Что же двигало мучениками, когда они произносили эти развернутые речи? Пытались ли они опровергнуть выдвинутые против них обвинения, смягчить свою участь или обратить к истинной вере своих слушателей? Очевидно, нет59. В отличие от первой речи Аполлония, где еще можно увидеть попытку прийти к какому-то компромиссу (Поклянись удачей Коммода Мы молимся Богу за царствующего Коммода), вторая полностью проникнута полемическим задором. Так как вопрос спасения жизни не стоит, Аполлоний и Пионий намного меньше скованы ролевой моделью обвиняемого, чем их оппоненты судьи. Ключ к пониманию целей Аполлония может дать его стратегия аргументации: он использует те положения античной философии, что согласуются с учением христиан, и те аспекты христианского учения, что не вызовут протестов у язычников. Аполлоний тщательно выбирает объекты для критики, он нападает на египетских богов, но, находясь в сенате, ничего не говорит о традиционных римских божествах, а когда мученик затрагивает обожествленных людей, то ни слова не произносит об императорском культе. Аполлоний обращается прежде всего к язычникам и говорит то, что не вызовет отторжения у них. Как показал Г. Роскам, речь Аполлония и его манера поведения должны были продемонстрировать аудитории, что не все христиане были маргинальными деклассированными элементами, как считалось, а среди них были образованные люди, готовые отстаивать свои взгляды так, как подобает римскому аристократу60. Аполлоний, в отличие от других мучеников, не светится от счастья, когда идет на суд (Mart. Pol., 12, 1; Mart. Carpi lat, 4, 3; Eus. HE, V, 1, 35; 63; Mart. Perp., 18, 3 et al.), но на протяжении всего процесса ведет себя достойно и сдержанно, как настоящий римлянин, принявший осознанное решение умереть за свои убеждения.

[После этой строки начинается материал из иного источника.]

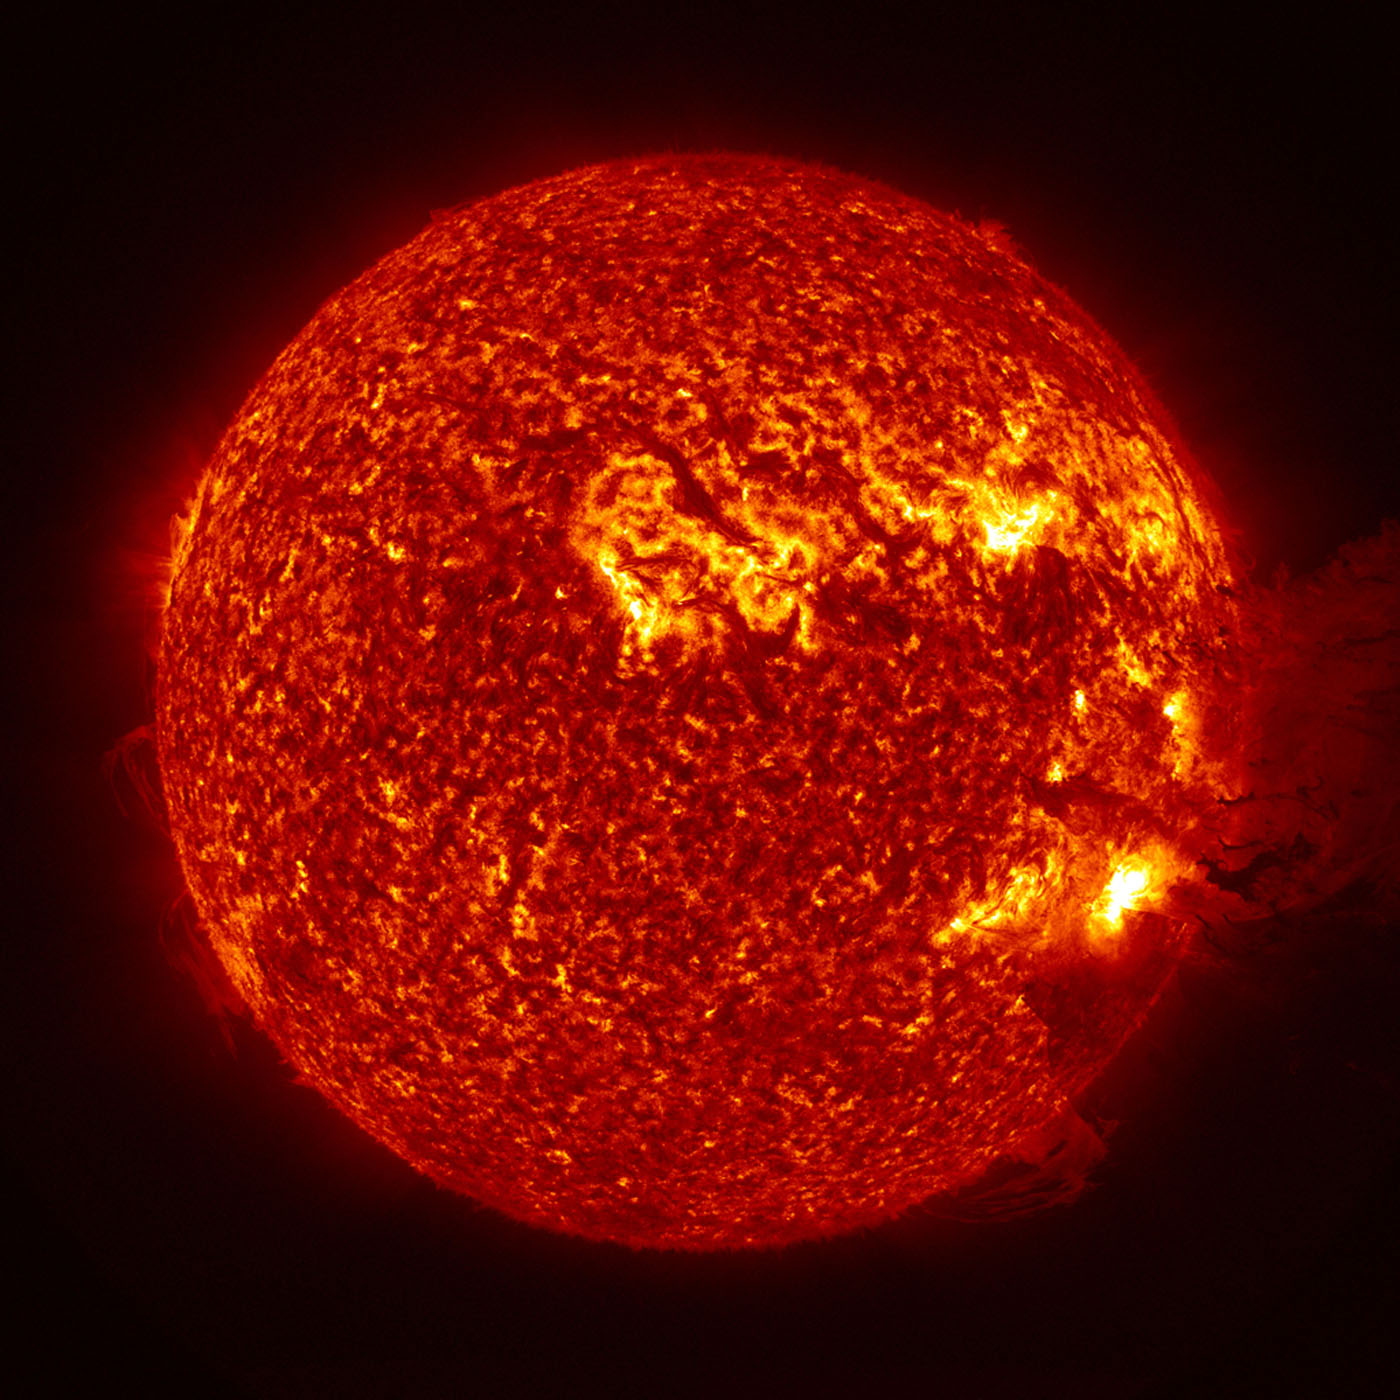 NASA Science Visualization Studio image of the surface of the sun.
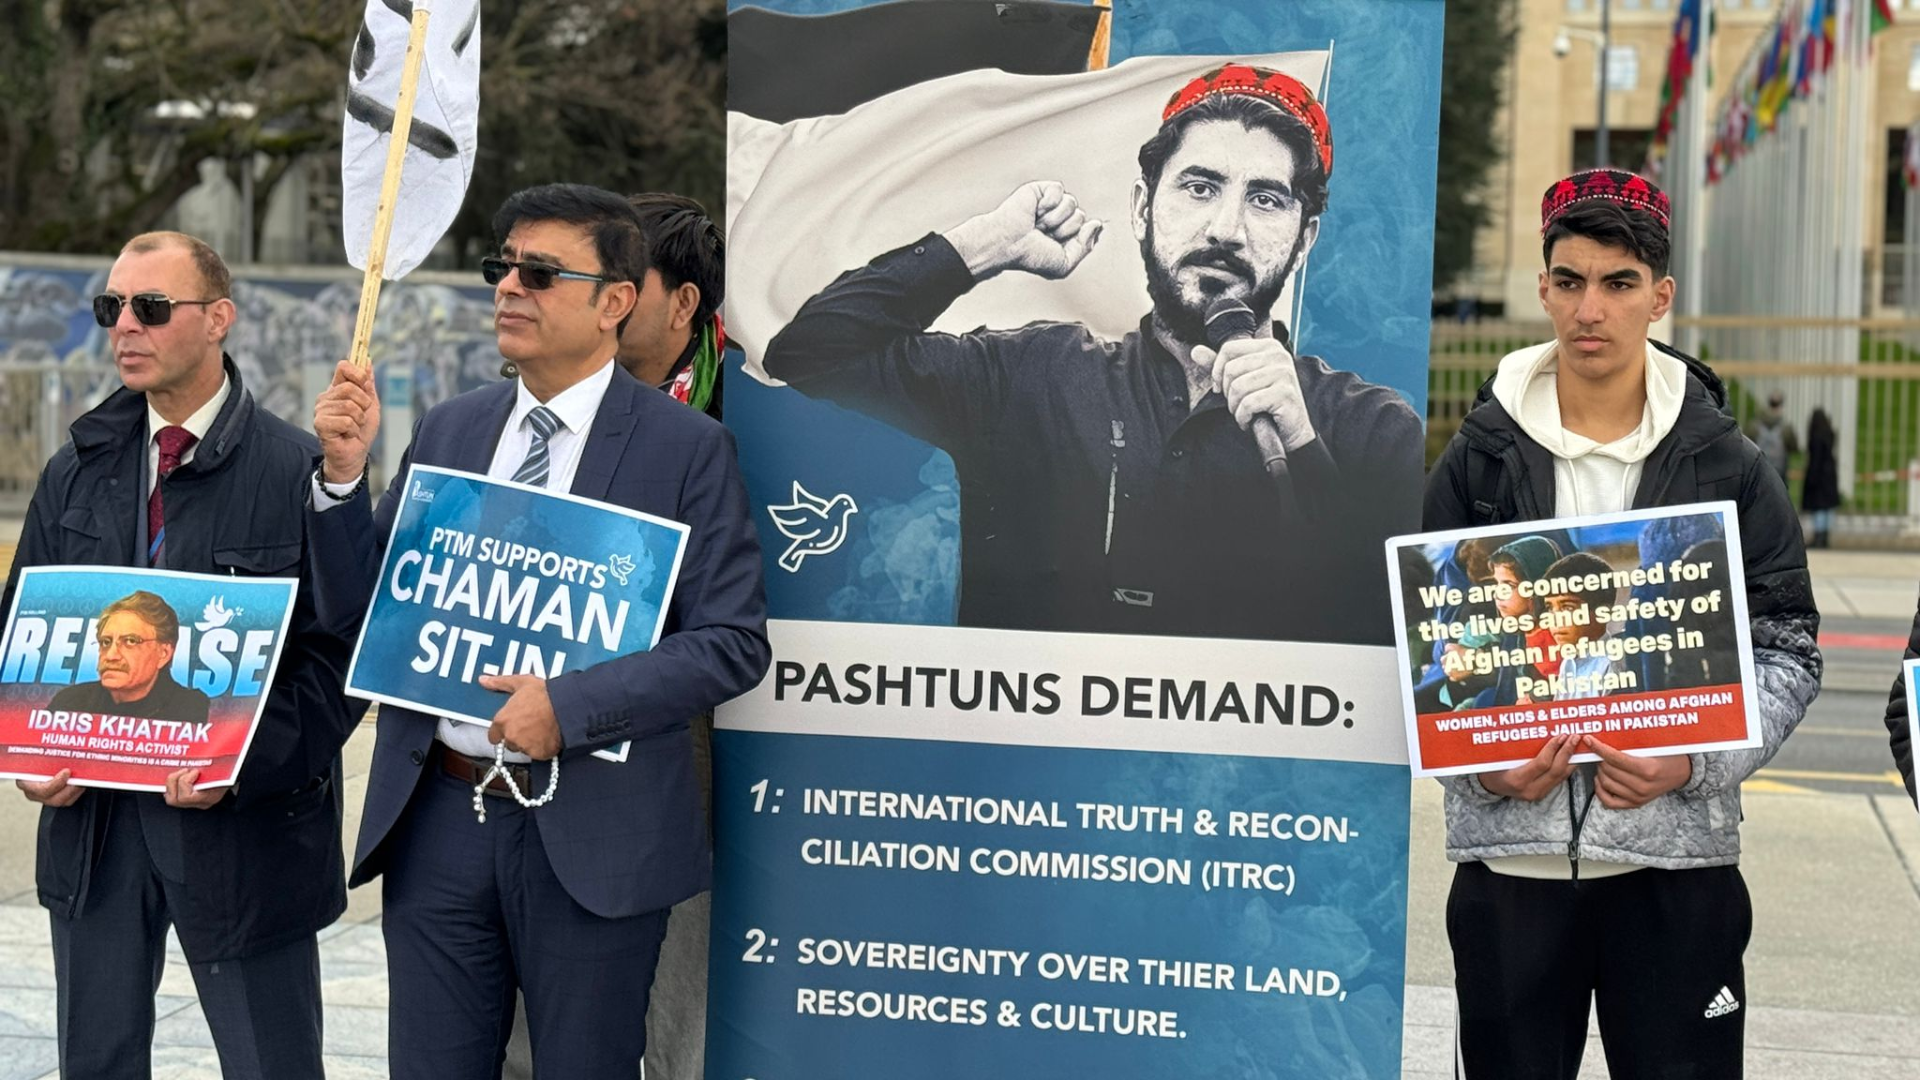 Pashtuns protest at UNHRC over PTM leaders’ crackdown by Pakistan

Перед Пионием, пресвитером смирнской церкви, стояли в чем-то сходные цели, но добиться их было намного труднее из-за того, что его аудитория крайне неоднородна, на агоре собрались самые разные люди, и ему приходилось говорить языком, приемлемым и понятным и для риторов, и для рыночных дельцов, и для обычных горожан. В первой речи он попытался объяснить язычникам и иудеям, что не стоит заставлять христиан приносить жертвы чужим богам и смеяться над теми, кто это сделал; при этом, как и в случае Аполлония, нет выпадов против имеющего символическое значение для Смирны храма двух Немезид или императорского культа. Как мы уже отметили, основной объект критики Пиония иудеи, и иной раз возникает ощущение того, что он, уделяя им непропорционально большое внимание в речи, обращенной ко всем, кто собрался на агоре, пытается расколоть единый антихристианский порыв, захлестнувший Смирну. Еще одним результатом этой полемики должно стать понимание того, что христиане не должны перебегать к иудеям, спасаясь от гонений. Этому специально посвящена вторая речь пресвитера, произнесенная в тюрьме перед пришедшими к нему верующими, как устоявшими во время гонения, так и отступниками. Цель Пиония сохранить общину, ослабленную отступничеством епископа Евктемона, отсюда и дарование надежды на прощение отступникам, и наставления не поддаваться искушению, не предавать друг друга и не слушать врагов веры. Юридическим тонкостям здесь отведено большее место, чем в рассказе об Аполлонии, но Пионий не пытается спасти жизнь, а лишь требует соблюдать правильную судебную процедуру и не заставлять христиан силой совершать жертву: Вы сами нарушаете свои законы: приказано наказывать, а не принуждать! (Mart. Pionii, 16, 6)61.